Hobby Farms Editors
January 18, 2016

Excerpt from the Popular Garden Series magabook Orcharding with permission from its publisher, BowTie magazines, a division of BowTie Inc. Purchase Orcharding here.

Key pests of fruit trees include a number of the butterflies and moths, such as the Oriental fruit moth, peach twig borer, leafrollers, green fruit worms and codling moth. These orchard pest insects have a complete metamorphosis, which means they go through four distinct stages of development: egg, larva (caterpillar), pupa (cocoon or chrysalis) and adult. As larva, butterflies and moths are chewers and, as adults, they are nectar feeders. It is the larval stage that does the damage in this group of orchard pest insects.

The codling moth is “the worm apple.” Codling moth is widespread and very damaging, and besides apples also attacks pears and English walnuts. The adult moth is about 1/2-inch long, mottled gray with distinguishing copper-colored bands along the bottom edges of the wings. The larva is white to light pink with a dark brown head and reaches about 1/2-inch long by end of larval stage. A Codling moth overwinters in a cocoon under debris or bark scales, or in the soil. There can be up to four generations of codling moth per year depending on temperatures. As with all insects, the pace of codling-moth development is extremely temperature sensitive.

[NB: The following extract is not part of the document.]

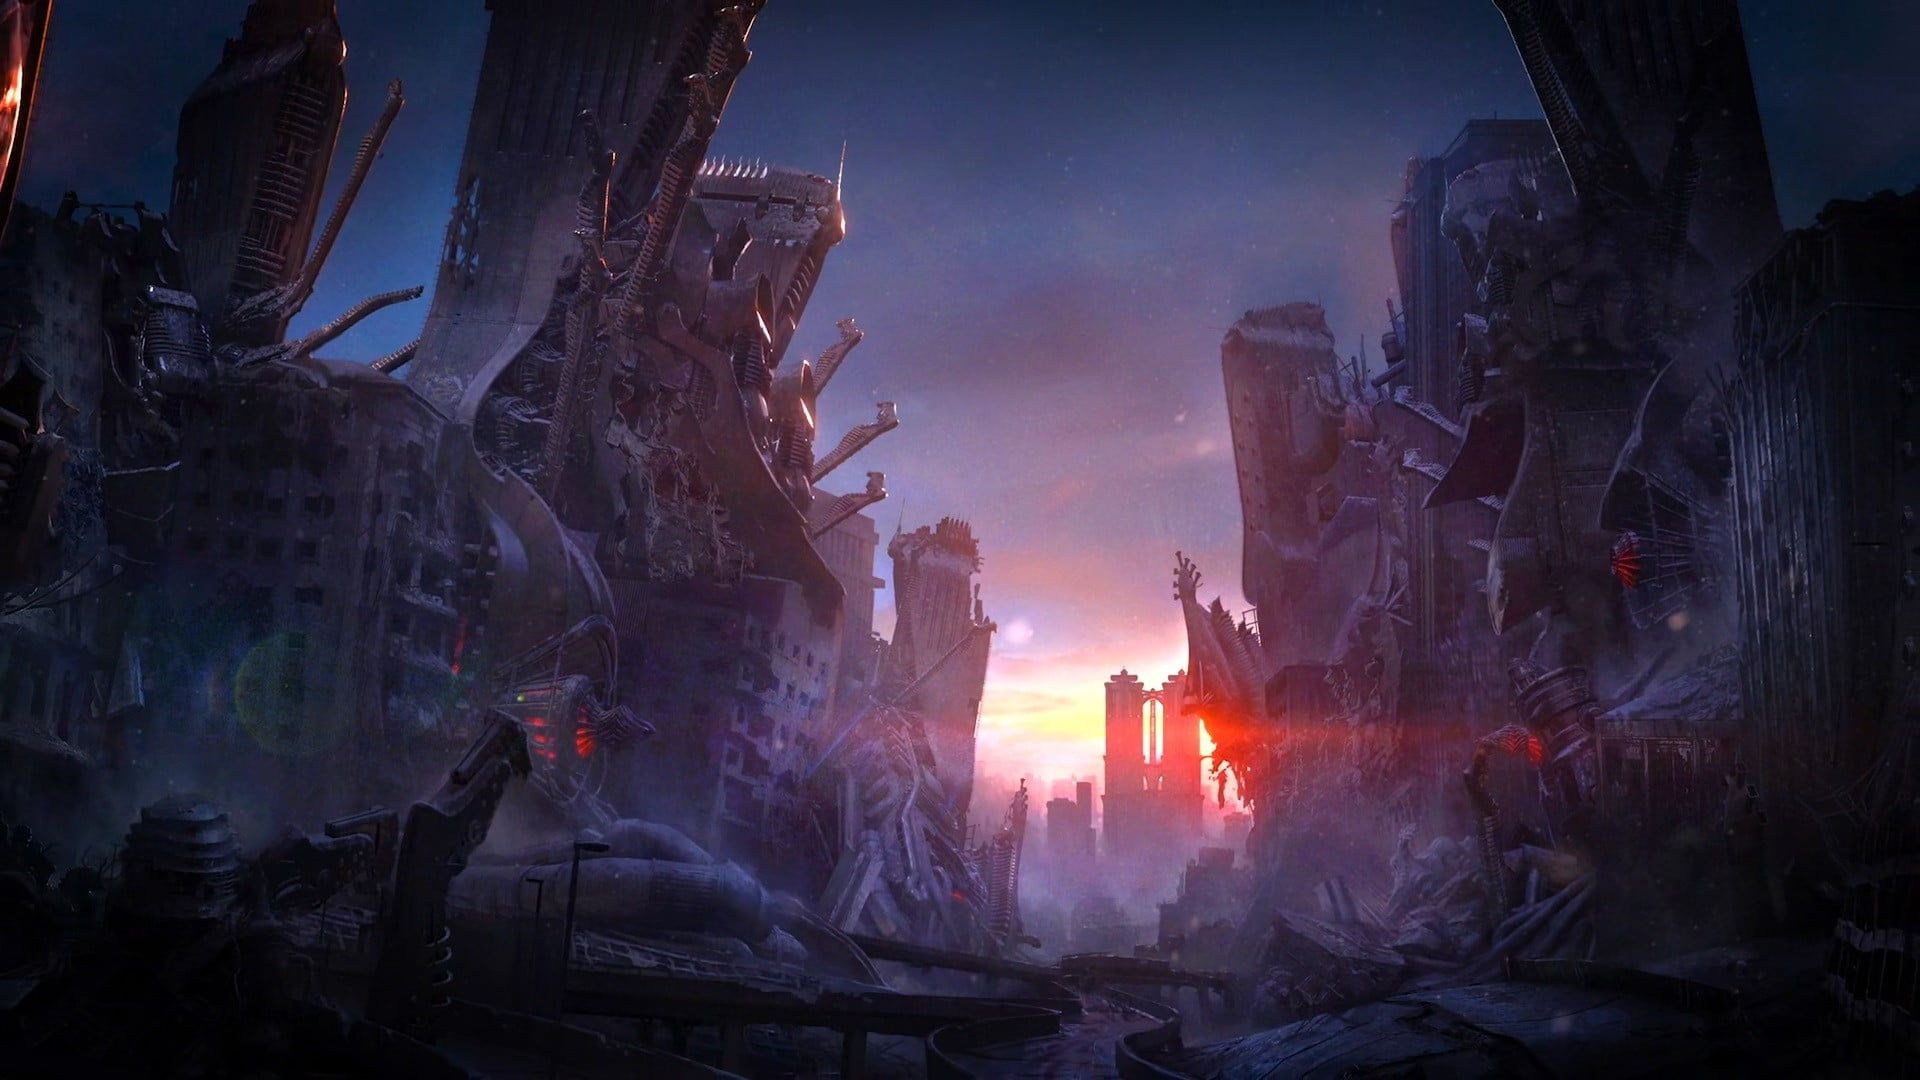 Destroy Building And Tower Wallpaper, Apocalyptic, Fantasy

Disc-shaped codling moth eggs are laid singly on fruit, nuts, leaves and twigs in the spring. The larva hatch and burrow into the fruit to feed, tunneling around and eventually dropping out to pupate. The holes left by the codling moth are covered with brown frass (droppings) and are sometimes hidden on the blossom end of the fruit. On walnuts, codling moth feed on kernels, causing premature drop or inedible nuts. Damage is usually more severe on late varieties, so consider growing early maturing apples and pears.

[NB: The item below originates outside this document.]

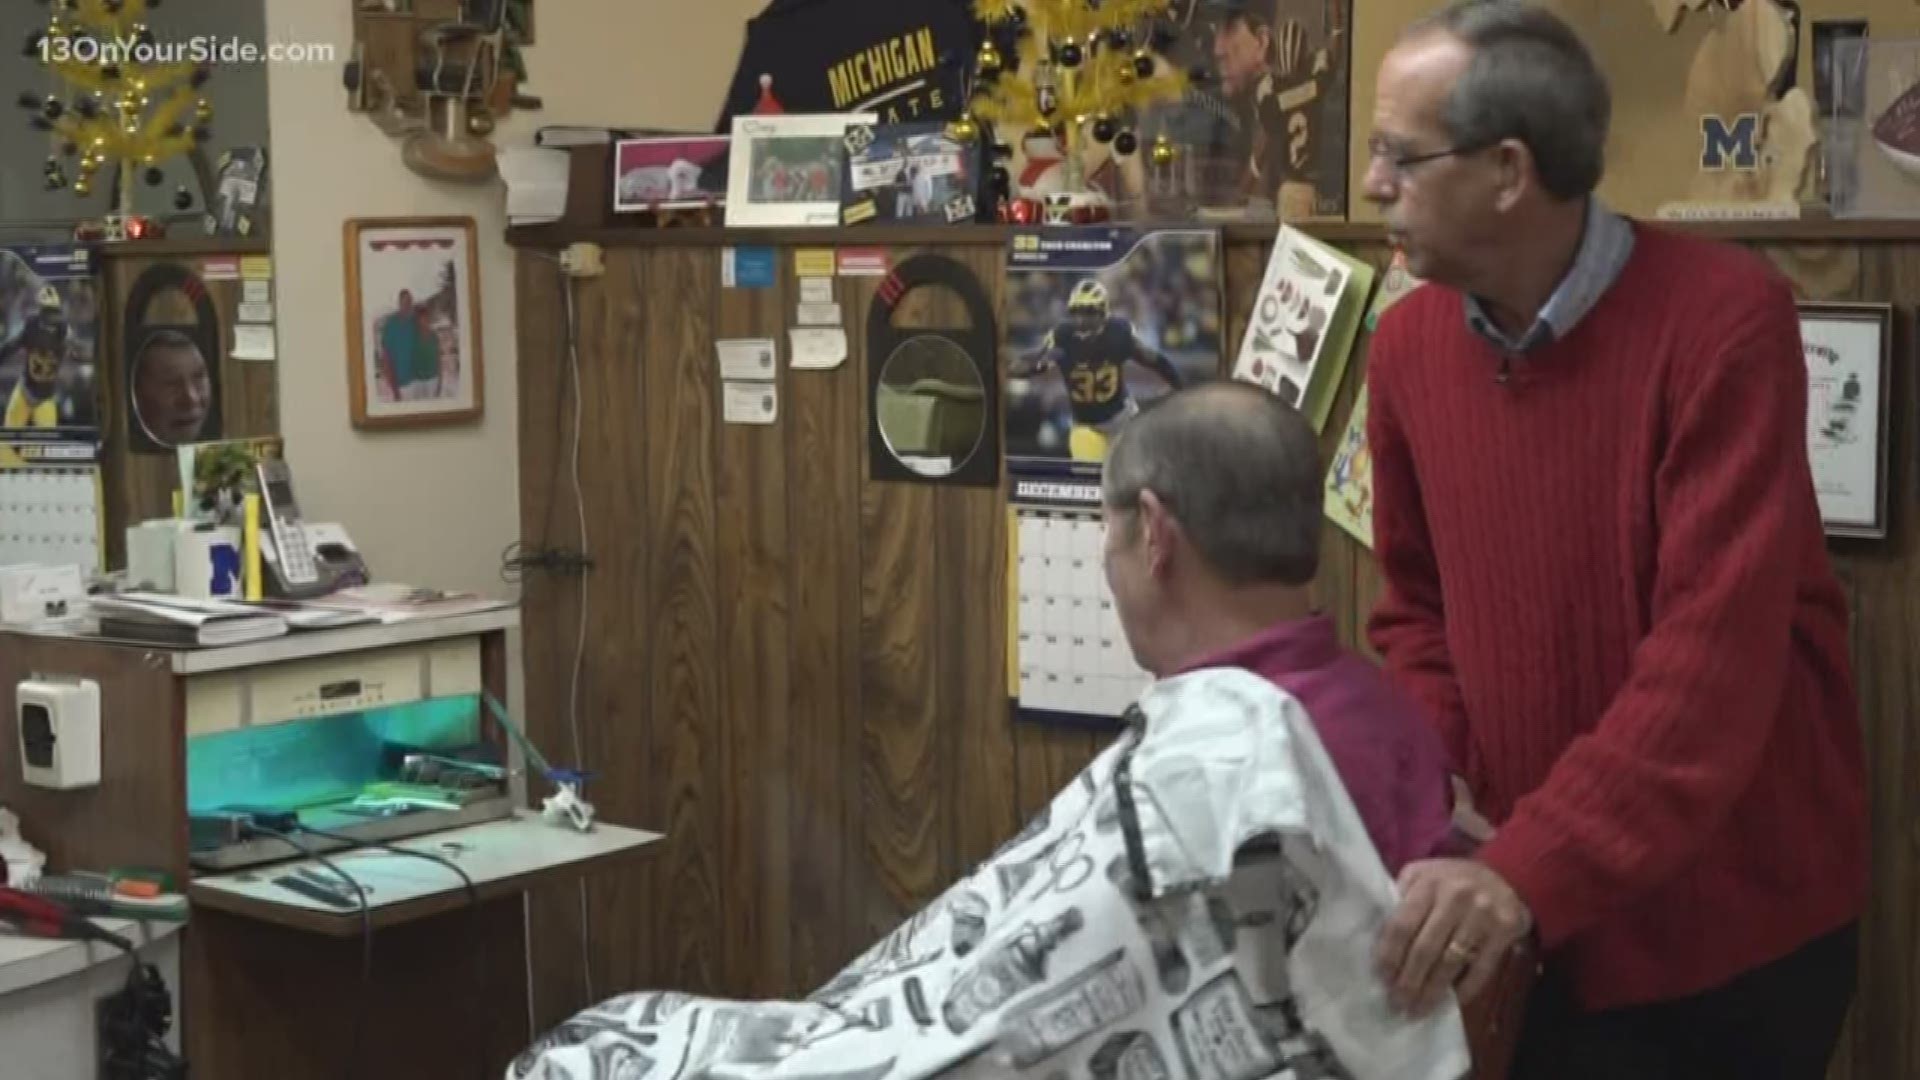 Ken Kloostra is deciding to hang up the clippers after more than 40 years at Mr. Hair to spend quality time with his wife.

Codling moths are monitored with pheromone-baited traps. The developmental cycle of this moth can be predicted fairly accurately by calculating the accumulation of degree-days from the time that moths are trapped and the time that the temperature at sunset is more than 62 degrees Fahrenheit (this is called the biofix). A degree-day is a unit that is used to measure pest development; an easy-to-use degree-day calculator is available at the USPest.org website.

Good orchard sanitation can help disrupt the reproductive cycle of the codling moth. Starting about six to eight weeks after bloom, check fruit for damage. Remove and destroy any with frass-filled holes (be sure to check blossom end). Always clean up fallen fruit. Keep orchards free from junk and debris to reduce the sites for pupation. Another tactic aimed at the pupa is trunk banding. Large-sized corrugated cardboard is wrapped around the trunk to lure the larva from the trunk into the cardboard to pupate. By most counts, this method is not highly effective, but the emotional satisfaction of starting a burnpile with the codling moth-filled cardboard might be worth the effort (just be sure to chase out your friendly spiders first).

Another approach to control is mass trapping. You can use commercial pheromone traps at a high rate, but these traps attract only the males (and it’s the female codling moths that do the damage). A homemade codling moth trap can be made from a 1-gallon milk jug containing 1 cup of cider vinegar, 1/3 cup dark molasses, 1/8 teaspoon ammonia and enough water to make 1 1/2 quarts. Cap the bottle and cut a 2-inch diameter hole. Hang one to three traps per tree.

labor-intensive, but extremely effective, barrier method of control is fruit bagging. Four to six weeks after bloom, when the fruit reaches 1/2- to 1-inch diameter, put bags over the fruit. Use standard-size lunch bags with a 2-inch slit in the bottom. Thin the fruit, then slip one bag over each fruit through the slit and staple the open end shut. Remove bags shortly before harvest to allow color to develop in red varieties.

A tiny parasitic wasp, Trichogramma platneri, is commercially available to help with pest control. Starting when egg-laying begins, you can release Trichogramma wasps in each tree, repeating every week or two. This method is often combined with mating disruption. In a mating disruption program, pheromone dispensers are placed all over the orchard and exude the alluring scent of female Codling moths. The idea is that the males will be so overwhelmed that they won’t be able to find the real females. Mating disruption is usually effective only in large, fairly uniform blocks of trees (more than 5 acres) some distance from other host trees.

Chemical control for Codling moths requires accurate timing. Sprays must be applied just before or as eggs hatch because the spray must reach the larvae before they burrow. Degree-days are used to time sprays; the first spray is applied around 250 to 300 degree-days. Spinosad, a bacterial insecticide, and summer oil, a horticultural mineral oil used as a fungicide and an insecticide, are both used for codling moths. Conventional pesticides are also used, but are more disruptive to natural enemies and bees.